■ WORK REQUEST: The copy you return must begin at the line containing "Leather and pvc" and end at the final line of the listing below, with every picture left out.
---- INFORMATION SUPPLIED
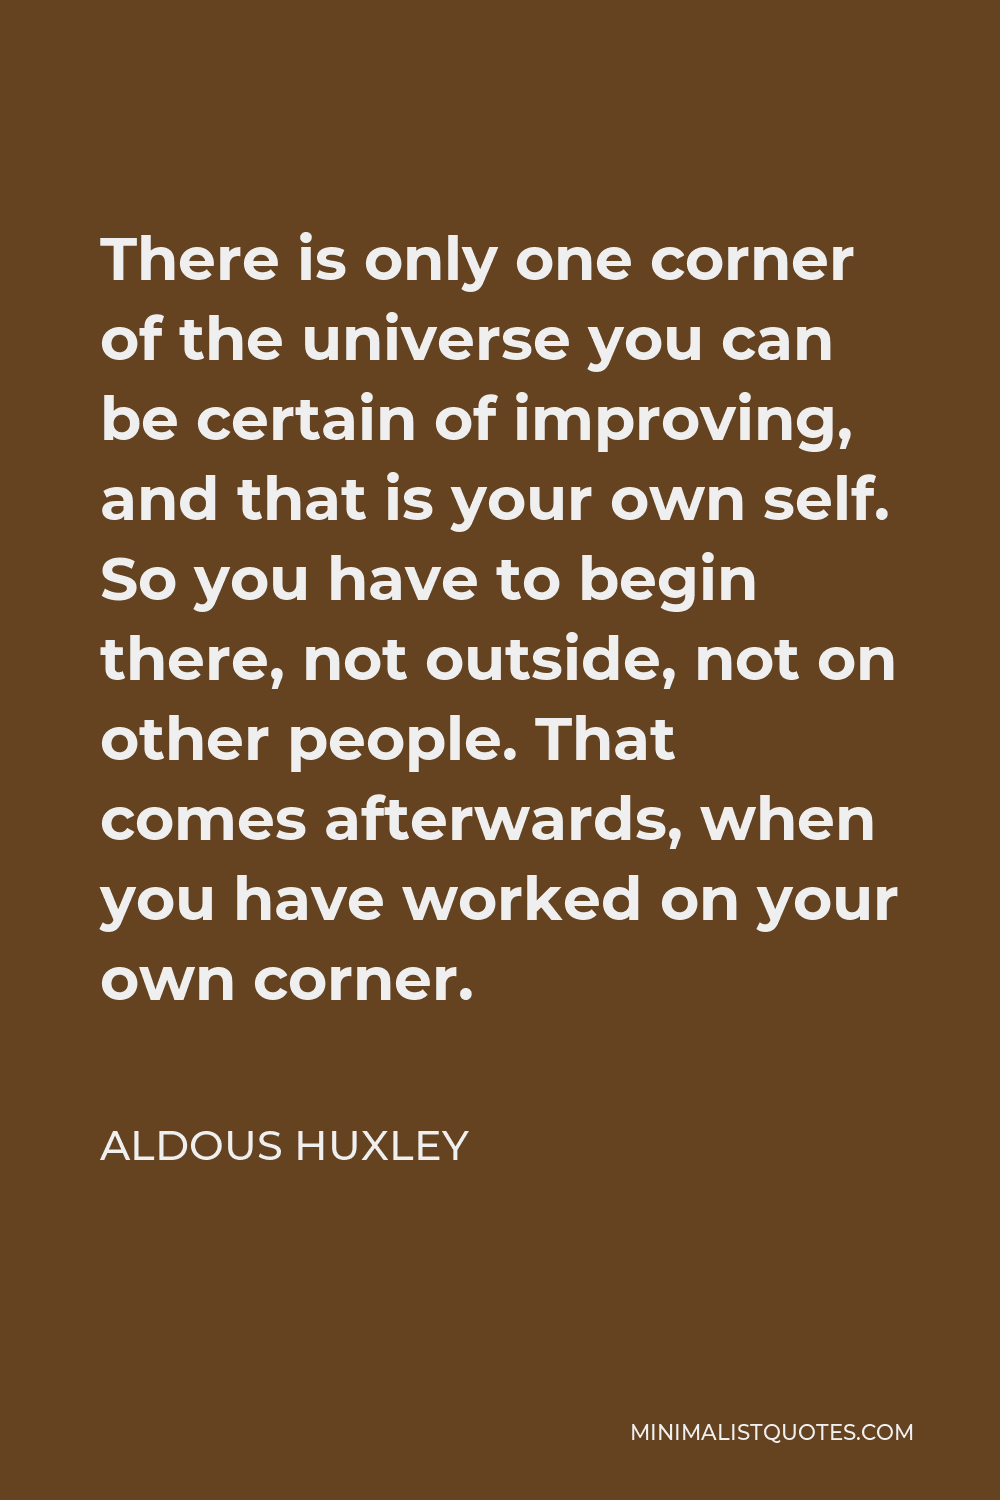 Aldous Huxley Quote - There is only one corner of the universe you can be certain of improving, and that’s your own self.
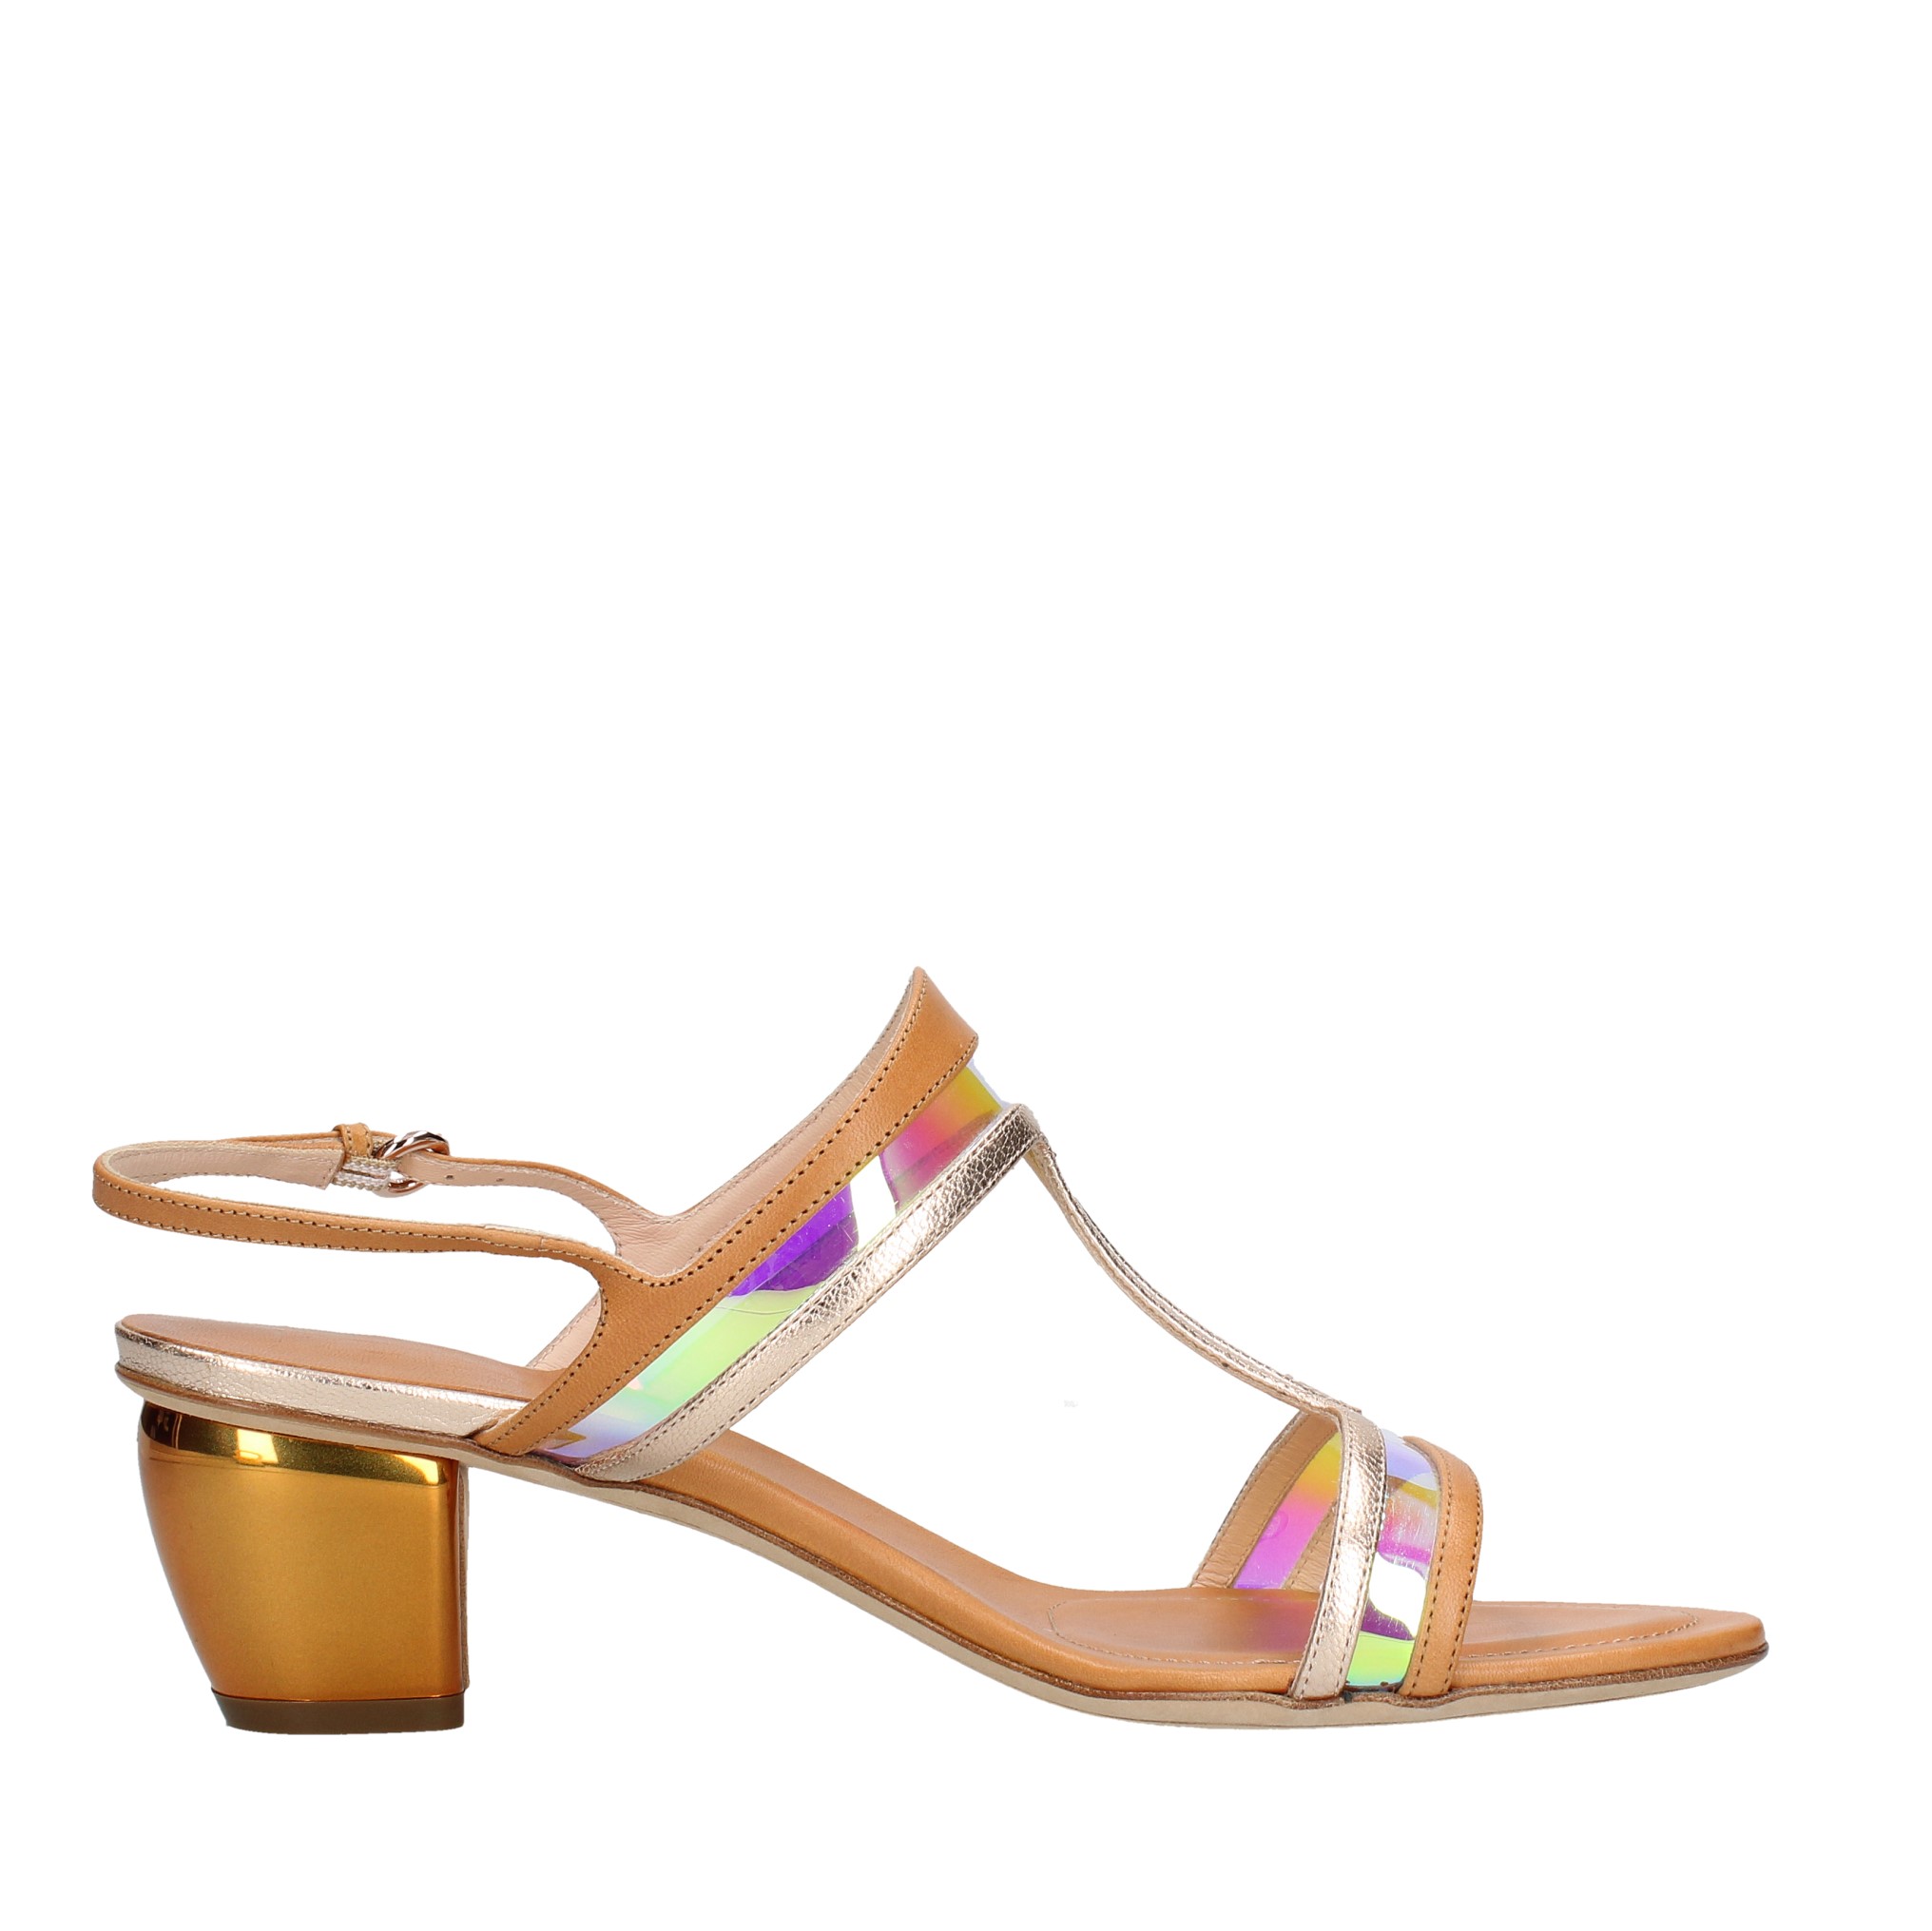 Leather and pvc sandals - RODO - Ginevra calzature
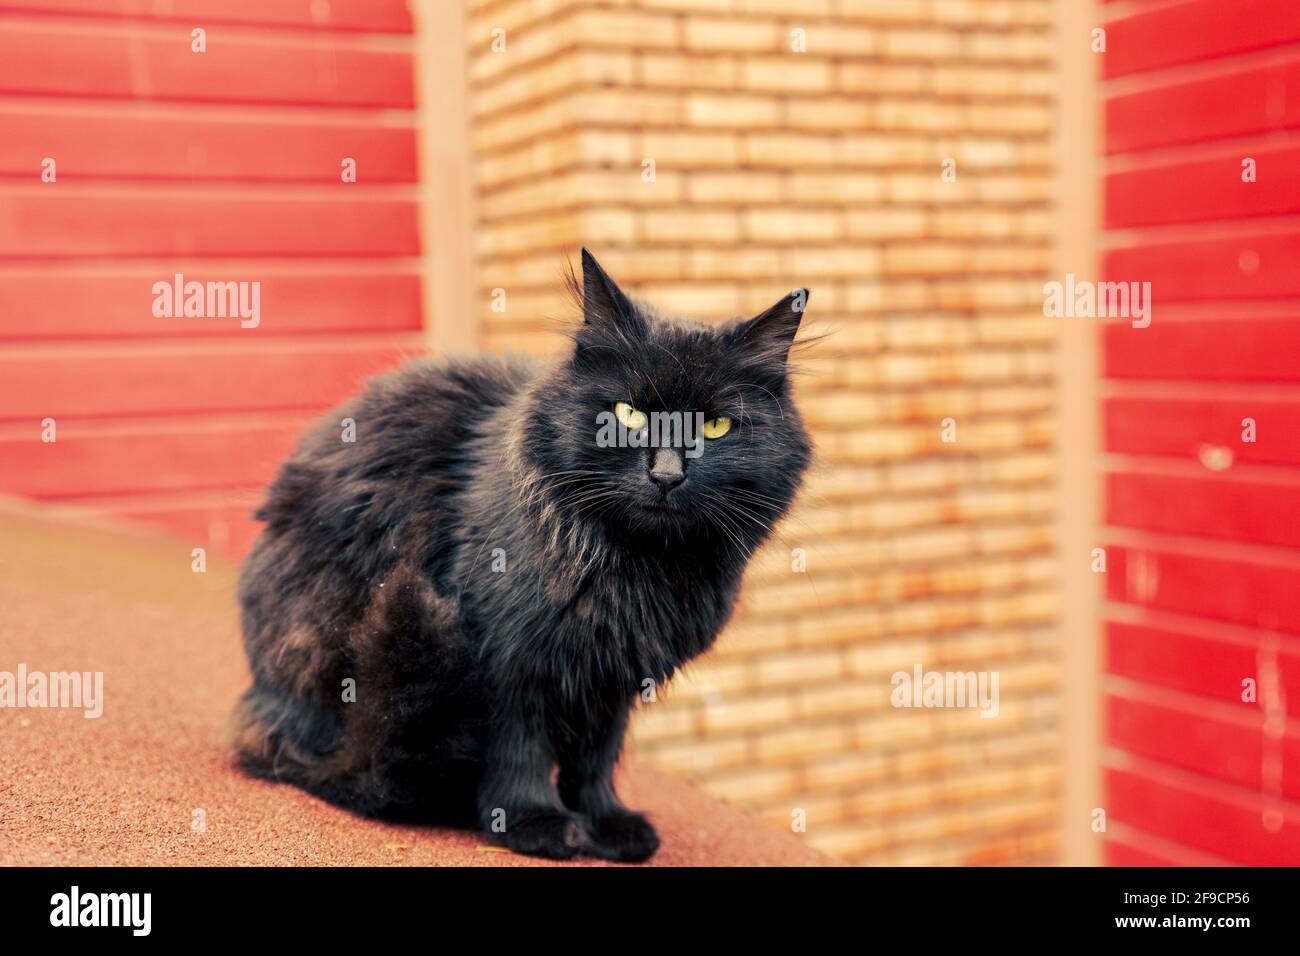 Dirty black long fur stray cat looking at lens with red-orange brick outdoor background. Stock Photo
--------
■ OUTPUT FOR THIS EXERCISE:
 Leather and pvc sandals - RODO - Ginevra calzature
 Dirty black long fur stray cat looking at lens with red-orange brick outdoor background. Stock Photo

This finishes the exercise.